“In the introductive essay to the collective volume entitled Radical Orthodoxy, the three editors of the volume, J. Milbank, C. Pickstock, G. Ward, observe that "the great Christian critics of the Enlightenment (...) in different ways saw that what secularity had most ruined and actually denied were the very things it apparently celebrated: embodied life, self-expression, sexuality, aesthetic experience, human political community. Their contention, taken up in this volume, was that only trascendence, which suspends these things in the sense of interrumpting them, suspends them also in the other sense of upholding their relative worth over – against the void". On the other hand, having recognized that "the Enlightenment was in effect a critique of decadent early modern Christianity", but also, "following the great English literary visionaries William Shakespeare and Thomas Nashe", that the abuses and errors of that decadency were "the result of a refusal of true Christianity", Radical Orthodoxy tries to "articulate a more incarnate, more participatory, more aesthetic, more erotic, more socialized, even more Platonic Christianity". Taking a theological outlook centered around the concept of "participation", they emphasize again the value of tradition and the articulated unity of "fides et ratio", but in the sense that it is "fides" what can save "ratio", and it is theology what can rescue philosophy and intellectual life from the shallow lands. Only this return to tradition ("to credal Christianity and the exemplarity of its patristic matrix"), after all, can adequately offer a true alternative to the "soulless, aggressive, nonchalant and nihilistic materialism" where the ideals of modernity have ended. This is the way this is expressed by these three authors:
The theological perspective of participation actually saves the
appearances by exceeding them. It recognizes that materialism and spiritualism
are false alternatives, since if there is only finite matter there is not even
that, and that for phenomena really to be there they must be more than there.

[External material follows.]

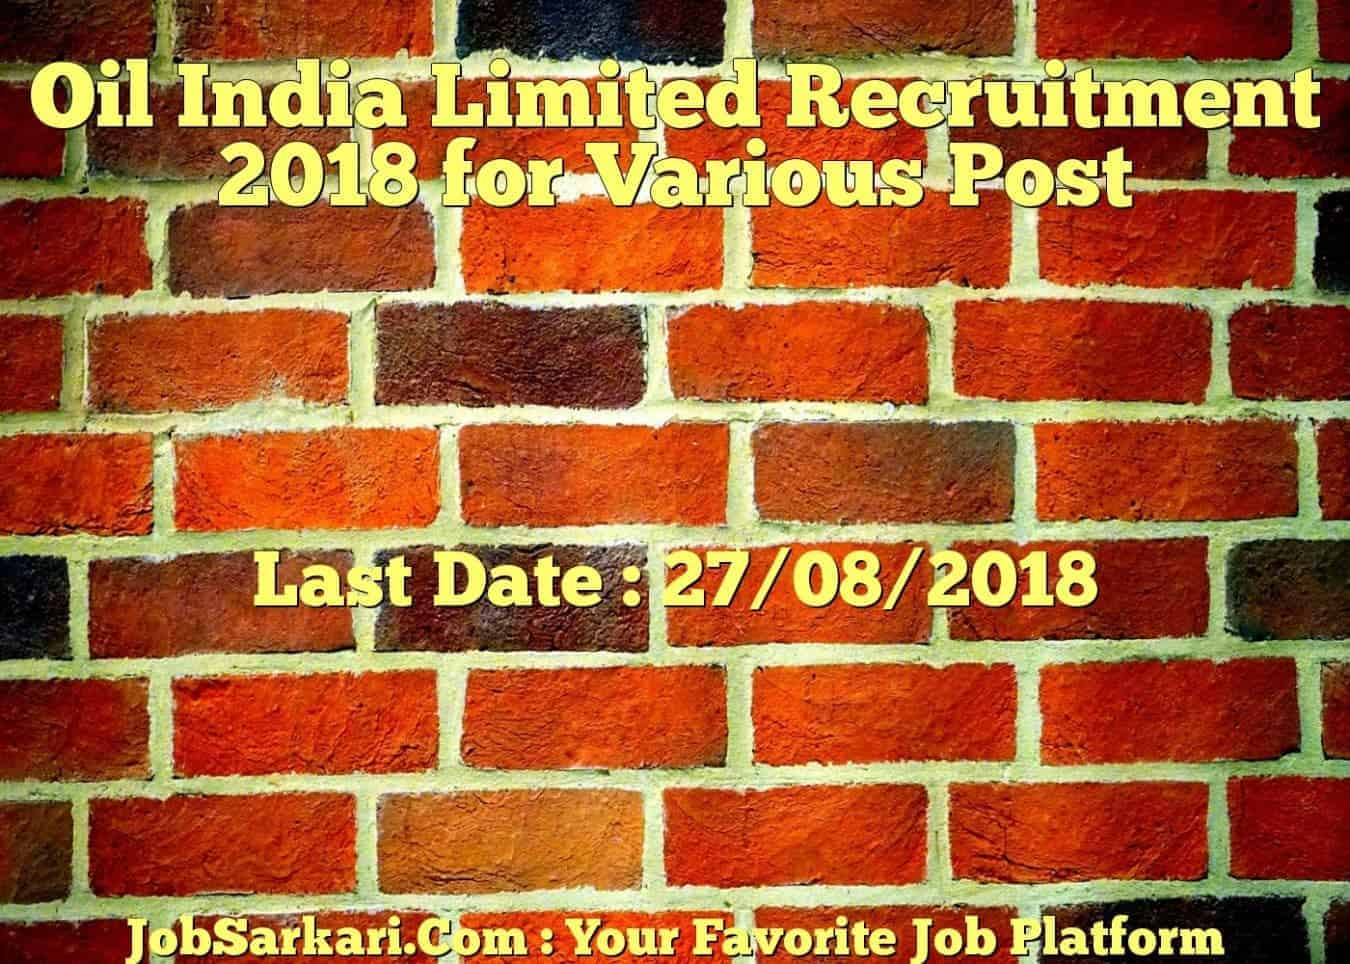 Oil India Limited Recruitment 2018 for Various Post

Hence, by appealing to an eternal source for bodies, their art, language, sexual
and political union, one is not ethereally taking leave of their density. On the
contrary, one is insisting that behind this density resides an even greater
density – beyond all contrasts of density and lightness (as beyond all contrasts
of definition and limitlessness). This is to say that all there is only is
because it is more than it is. (...) [From Radical Orthodoxy Reader]
This perspective should in many ways be seen as undercutting some of the contrasts between theological liberals and conservatives. The former tend to validate what they see as the modern embrace of our finitude – as language, and as erotic and aesthetically delighting bodies, and so forth. Conservatives, however, seem still to embrace a sort of nominal ethereal distancing from these realities and a disdain for them. Radical orthodoxy, by contrast, sees the historic root of the celebration of these things in participatory philosophy and incarnational theology, even if it can acknowledge that premodern tradition never took this celebration far enough. The modern apparent embrace of the finite it regards as, on inspection, illusory, since in order to stop the finite vanishing modernity must construe it as a spatial edifice bound by clear laws, rules and lattices. If, on the other hand, following the postmodern options, it embraces the flux of things, this is an empty flux both concealing and revealing an ultimate void. Hence, modernity has oscillated between puritanism (sexual or otherwise) and an entirely perverse eroticism, which is in love with death and therefore wills the death also of the erotic, and does not preserve the erotic as far as an eternal consummation. In a bizarre way, it seems that modernity does not really want what it thinks it wants; but on the other hand, in order to have what it thinks it wants, it would have to recover the theological. Thereby, of course, it would discover also that that which it desires is quite other than it has supposed."